Manila ingat, di sela-sela dia menjaganya, Bung Karno sering memberikan wejangan. Yang paling teringat adalah wejangan,“Manila, kalau kamu menjadi pemimpin di Indonesia, ada satu hal yang tak boleh kamu lupakan: jangan pernah mengubah kebinekaan kita. Kekuatan kita ada pada kebinekaan itu.”

Puluhan tahun kemudian usai pak Harto lengser dari jabatannya, dan sakit-sakitan, Manila bertamu ke Cendana untuk menjenguk pak Harto.

Dalam sebuah kesempatan itu, Manila menyampaikan Jenderal Besar Soeharto lebih beruntung dari Bung Karno.
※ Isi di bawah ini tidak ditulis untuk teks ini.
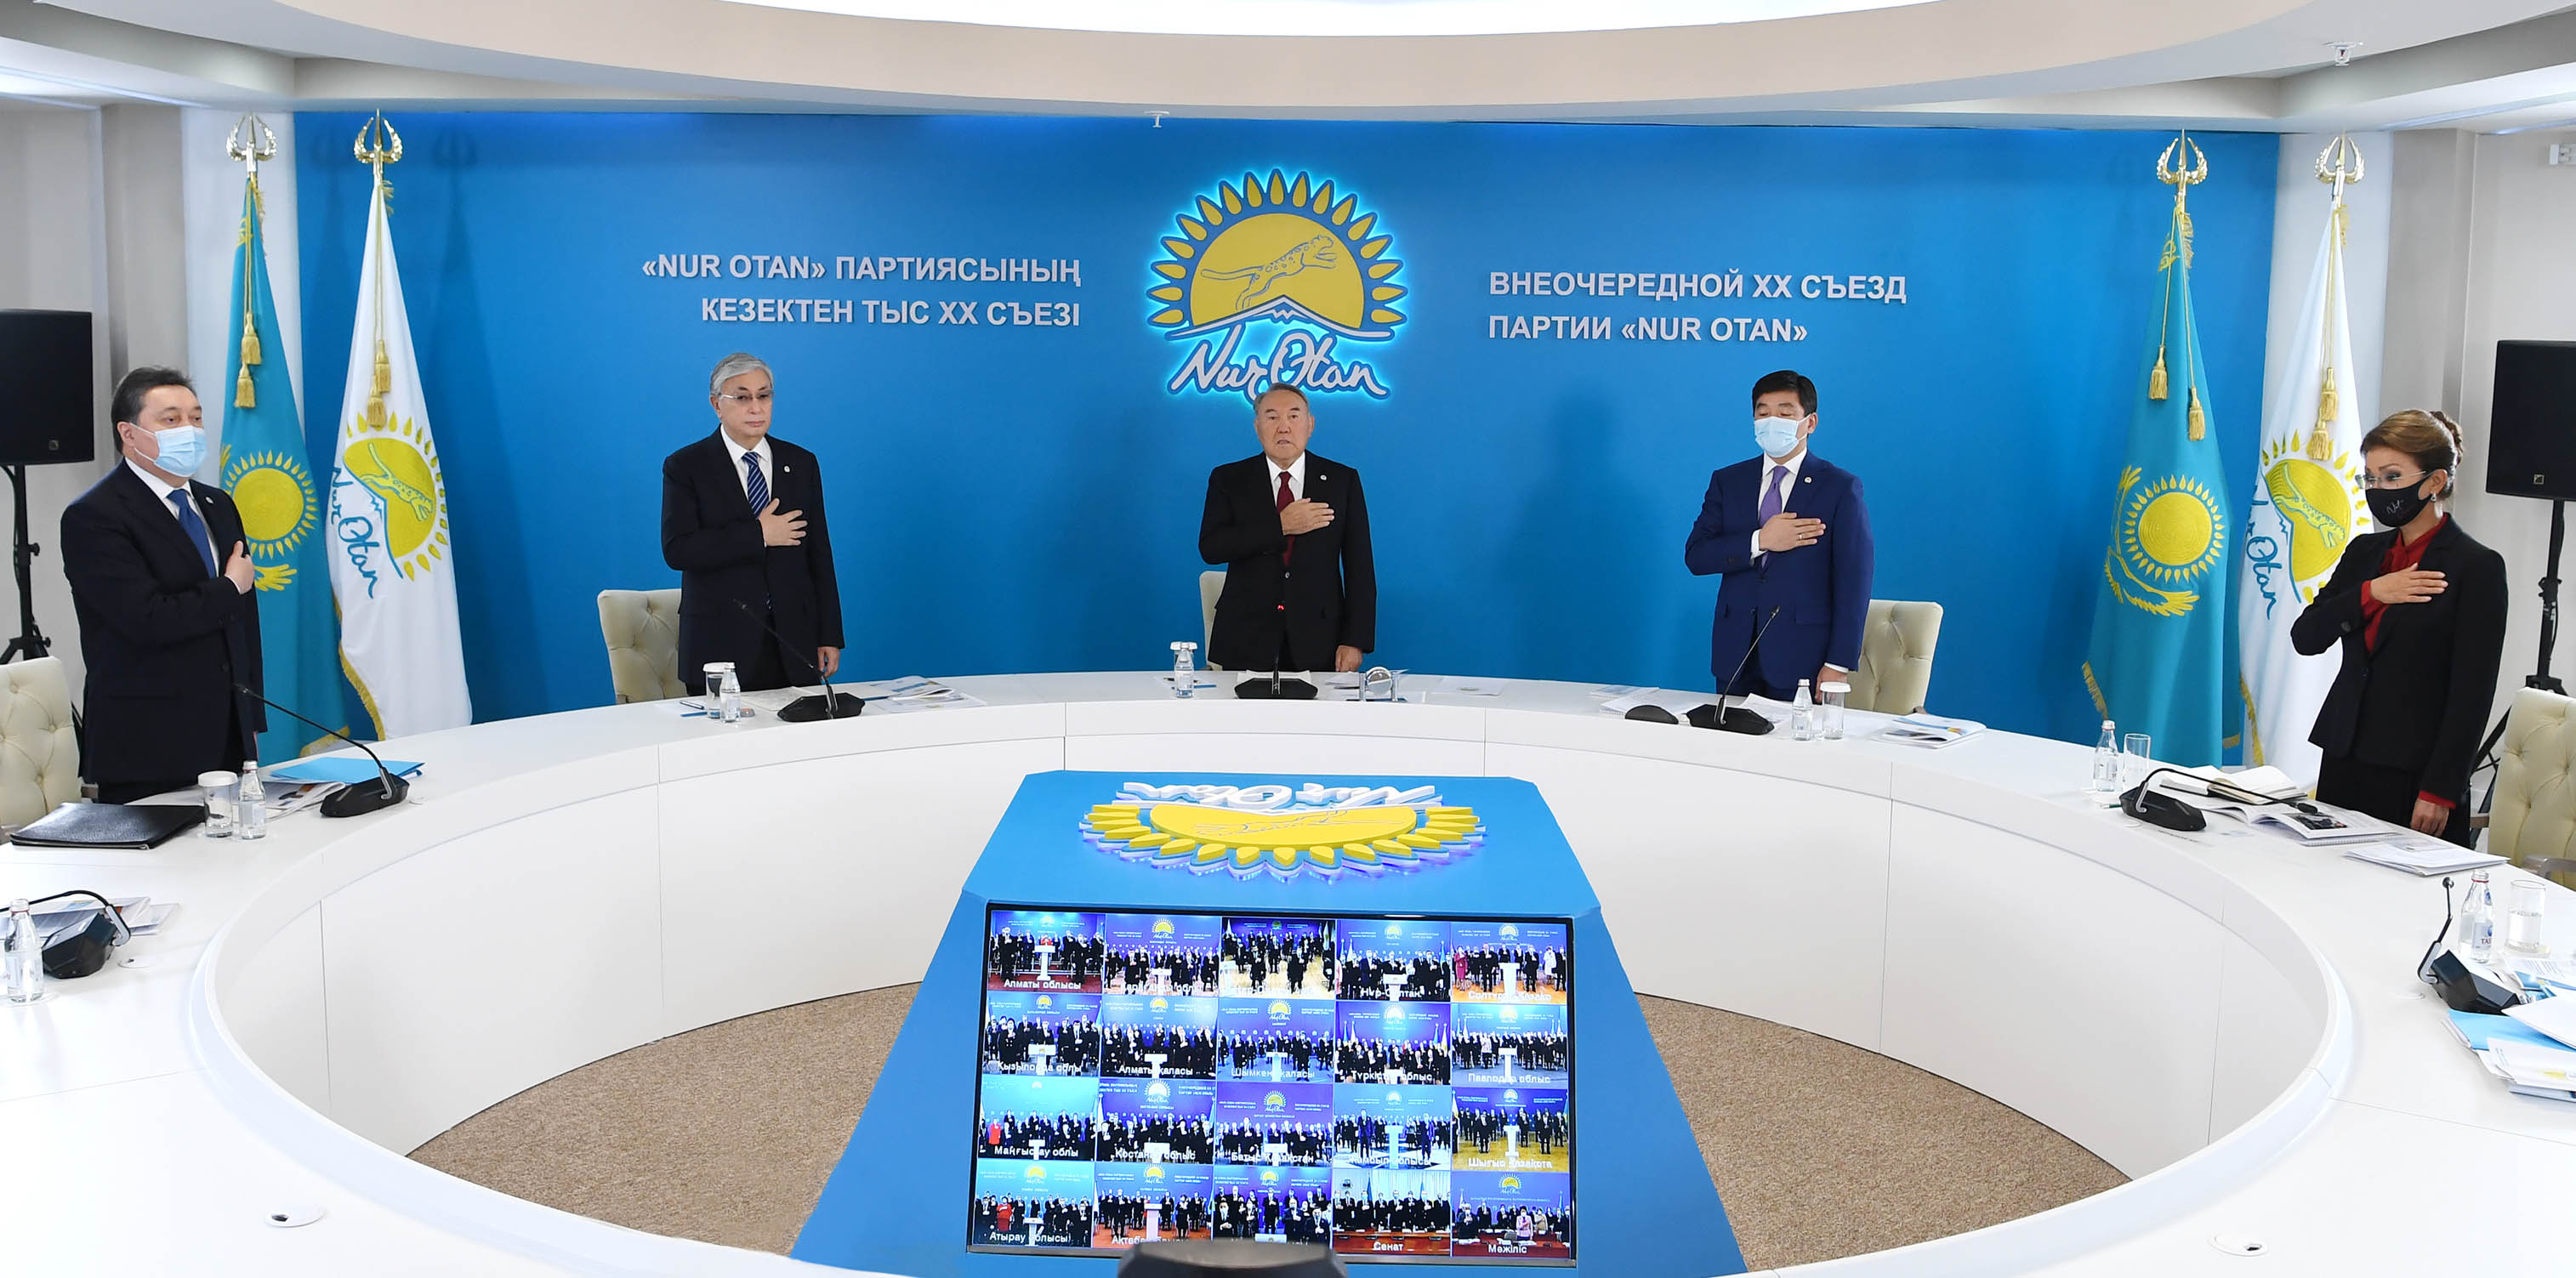 Нұрсұлтан Назарбаевтың төрағалығымен «Nur Otan» партиясының кезектен тыс ХХ съезі өтті

Saat sakit Soeharto masih mendapatkan perawatan di rumah sakit terbaik, ditangani tim dokter kepresidenan.

Manila mengatakan saat Bung Karno sakit dia cuma diberi naspro, obat untuk sakit ringan tanpa resep dokter. Mendengar cerita Manila tersebut, Soeharto mengungkapkan dia tidak pernah menyuruh untuk menyengsarakan Sukarno

“Saya hanya meminta agar Bung Karno jangan berhubungan dengan media asing. Kalau beliau bicara keluar, dunia akan mendukung beliau, Asia Afrika akan mendukung, bisa membelanya, dan kita bisa perang saudara. Saya ini tidak ada artinya, Manila, dibanding Bung Karno,” ujar pak Harto.